There you are in the back of a cab, and after discussing the weather, the traffic and the economy, the driver asks… “And what is it you do?”
In the days of yore, to many of us at least, the answers was straightforward: ‘Advertising,’ ‘Design’, ‘newspapers’ or – in my case – ‘edit a magazine’. But these days my response is usually prefixed with an ‘er’ – before saying something like, ‘a website, magazine, events – in fact a hub for the marketing and creative community exploiting both online and offline…’, and this is the point I usually see the cabbie’s eyes beginning to glaze over.
In my head what I now do, and how the industry is changing, sounds so simple. But it is very hard to articulate. The fact is the industry is evolving much faster than the English language.
You’ll find evidence of this in two specific features in the latest issue of The Drum. We report on the pronouncement made by Kevin Roberts, the CEO of Saatchi & Saatchi, to the Institute of Directors conference that marketing is dead. Then, as part of the Roses Students Awards feature in the latest issue we look at how part of Shakespeare’s Romeo and Juliet was translated into ‘text-speak’. The thrust of Roberts’ argument was that the pace and extent of change has rendered many industry conventions redundant: “Marketing is dead. The role of marketing has changed now. There is nothing new anymore. If marketers are just hearing about something going on then it is already old in today’s world. Speed and velocity is everything today.”

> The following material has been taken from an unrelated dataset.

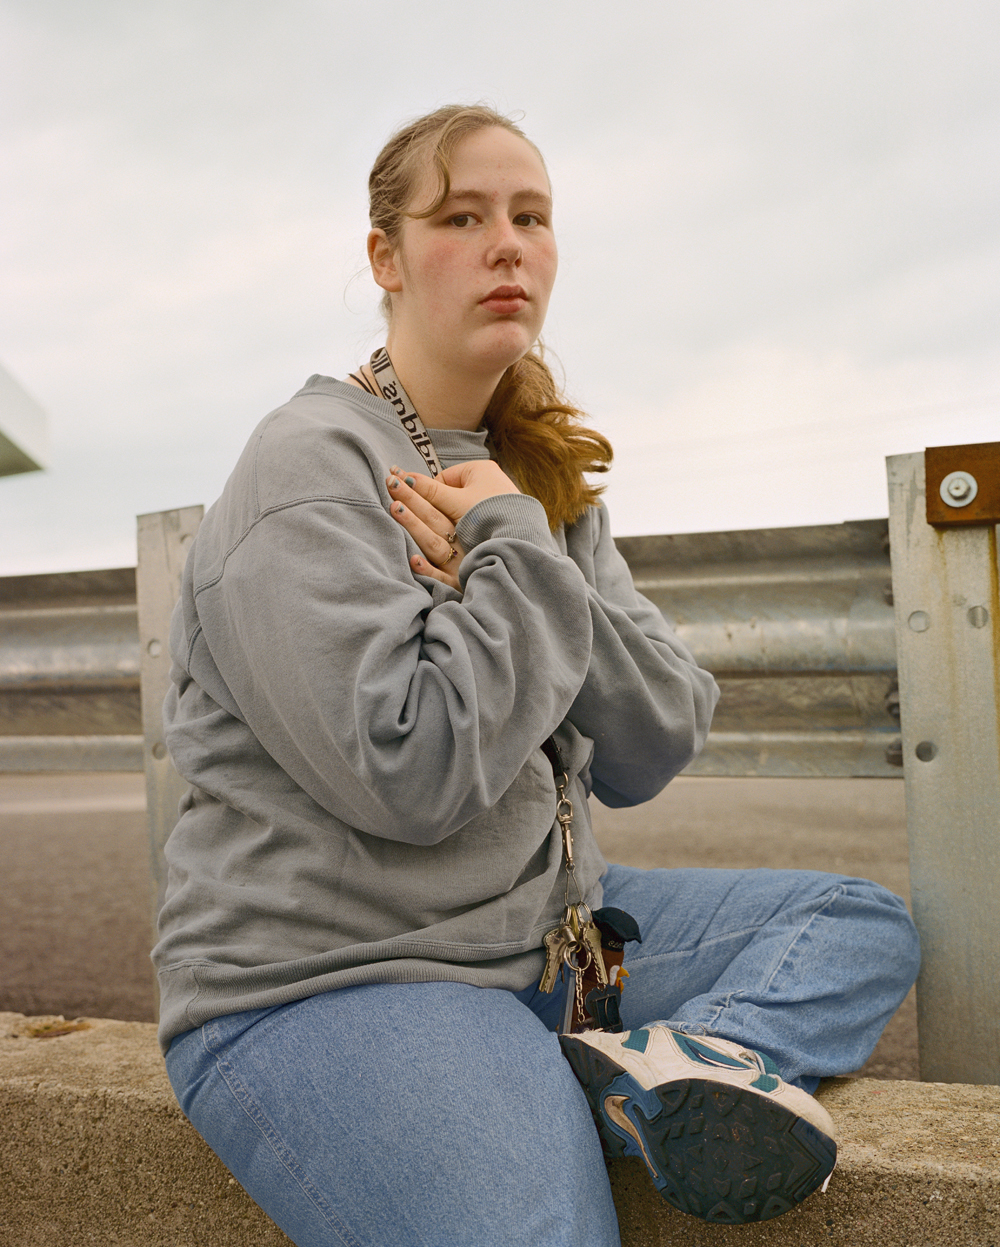 © Jo Ann Walters, Pregnant girl on guardrail, Vermont 2001

But the row his comments generated – the story went viral when The Drum reported it online (in fact, it had more readers in Bogota than Birmingham!) – demonstrated to me that this debate is actually about language.

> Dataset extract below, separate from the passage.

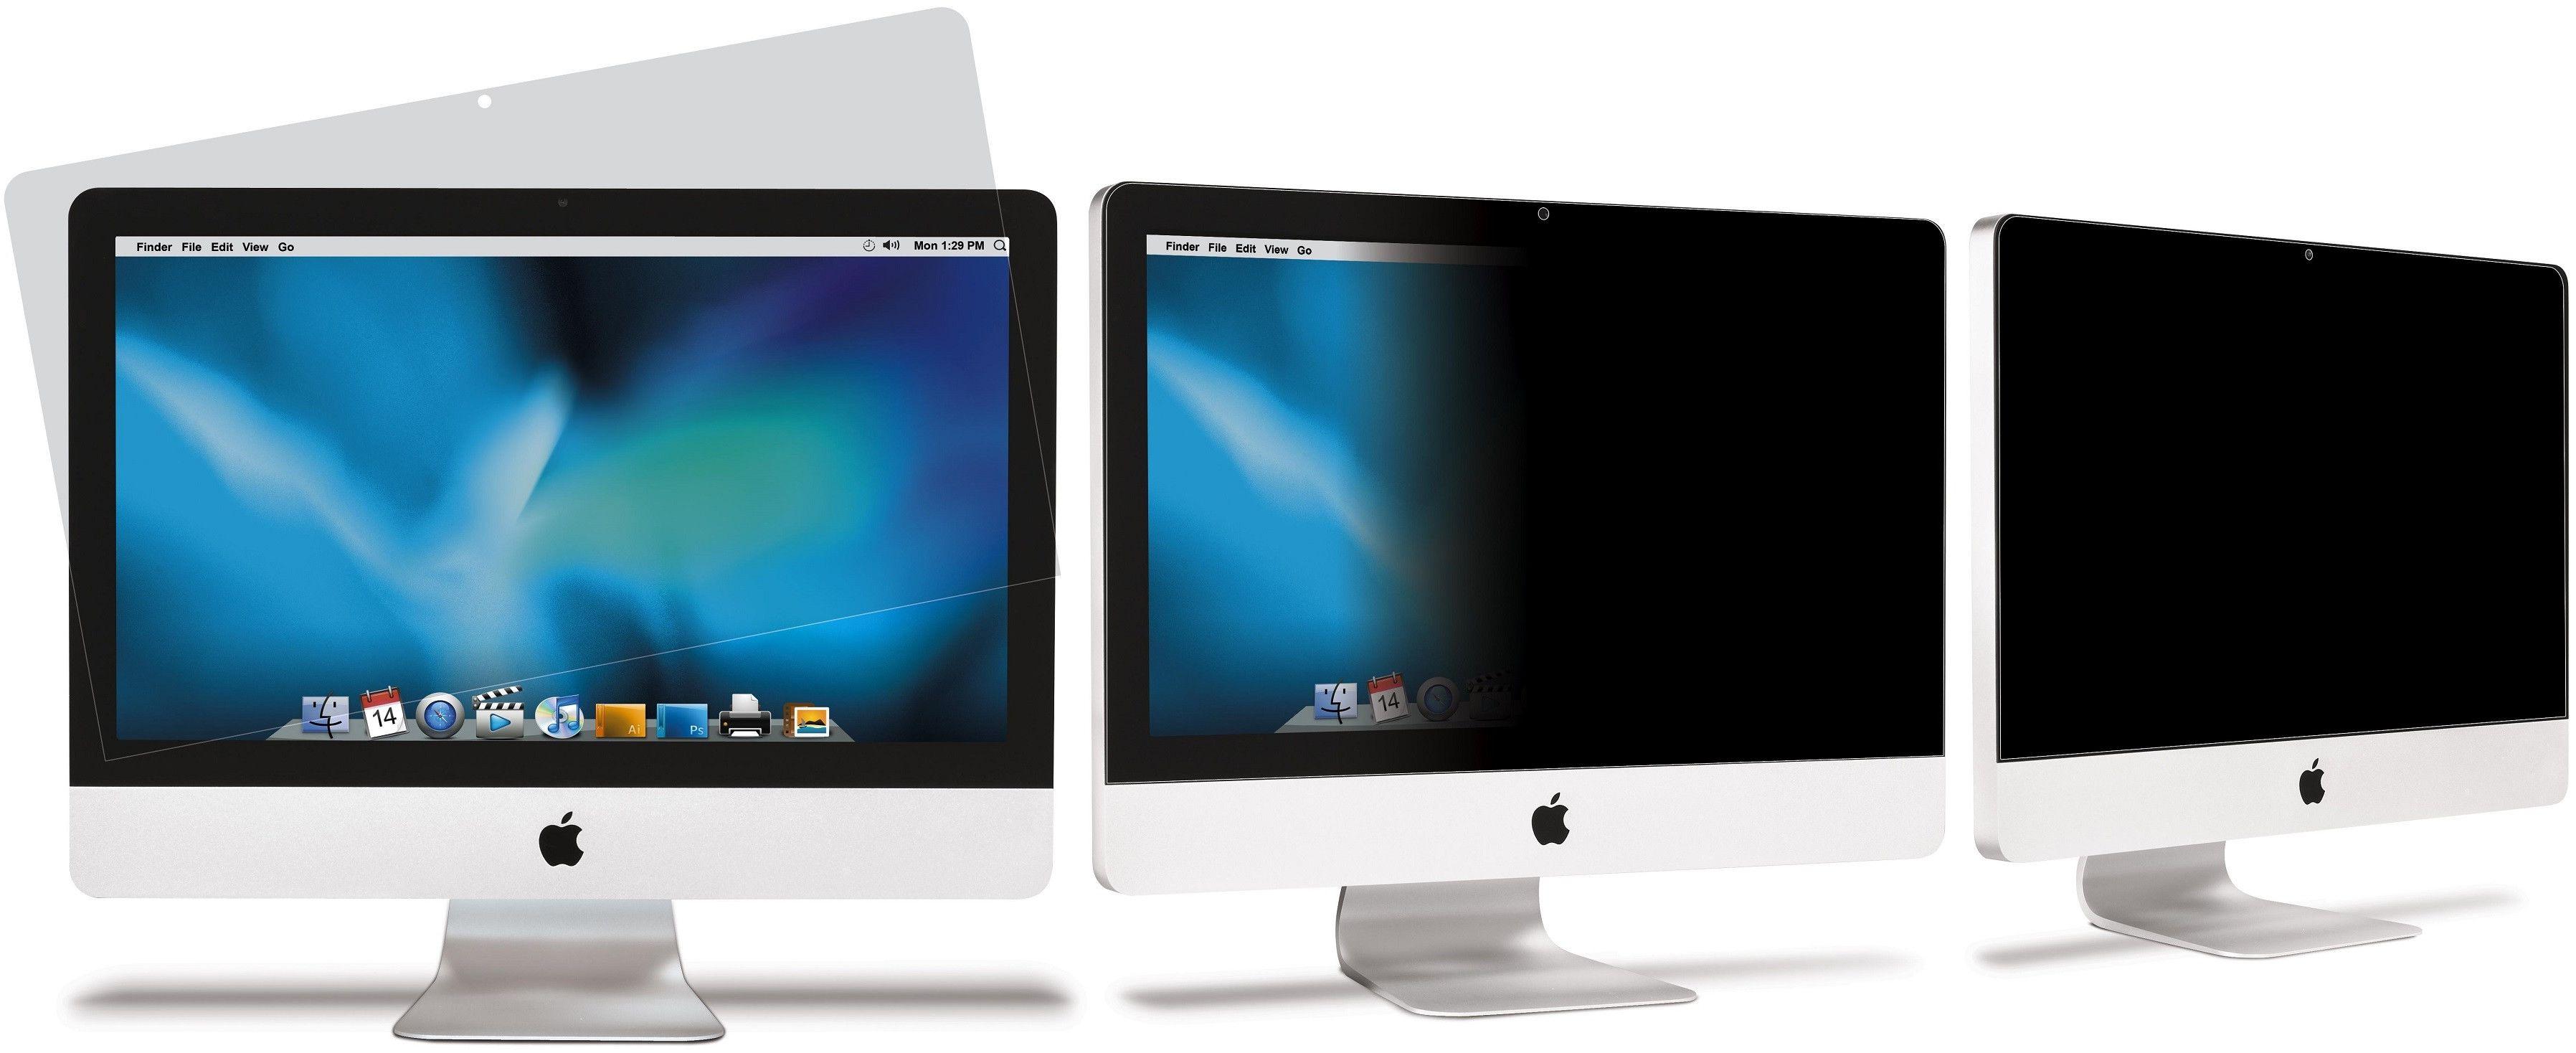 "Filtr Prywatyzujący 3M  PFIM27v2 do monitora PFMP27 Apple  27"" iMac  DYSTRYBUTOR 3M 98044058091"

Few seemed to disagree with his primary premise. However, it is actually what is now meant by terms such as marketing that seemed to generate the heat. Was Roberts actually saying that marketing is dead? Or the meaning of marketing has changed? It seems a semantic point – but just ask any pilot, judge or doctor about the power of accurate, precise language.

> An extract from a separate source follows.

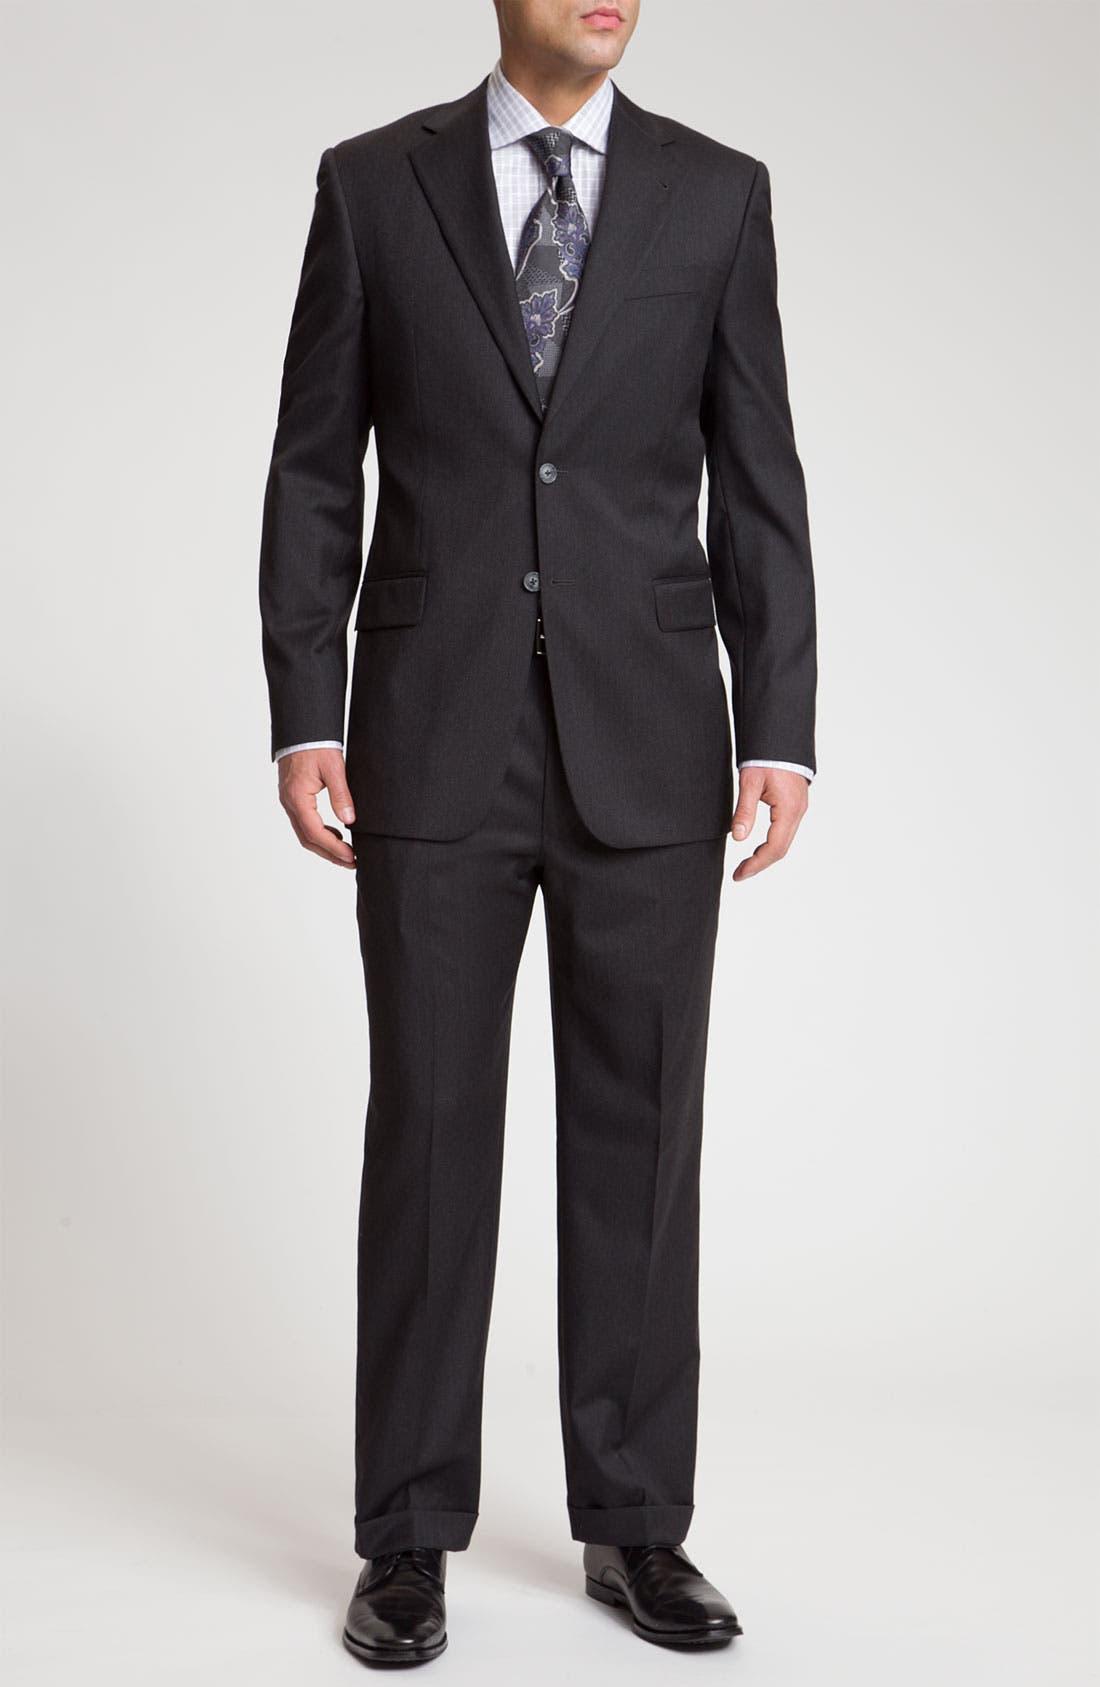 Alternate Image 2  - Joseph Abboud 'Signature Silver' Dark Grey Wool Suit

Alex Edwards’ entry into the Roses Student Awards, also reflected this theme. In translating the Bard’s elegant words into the language of the mobile phone, and then inviting readers to flip the book and read the real thing, he aimed to give people the power to ‘reject the degradation of the English.’
As part of the text he wrote: “wts in a nam tht whch we call a rose by uva name wud smll as swt.”
Or as Shakespeare put it: “What’s in a name? That which we call a rose by any other name would smell as sweet.”
Well said, Shakespeare. I suspect a key challenge for the community is agreeing exactly that.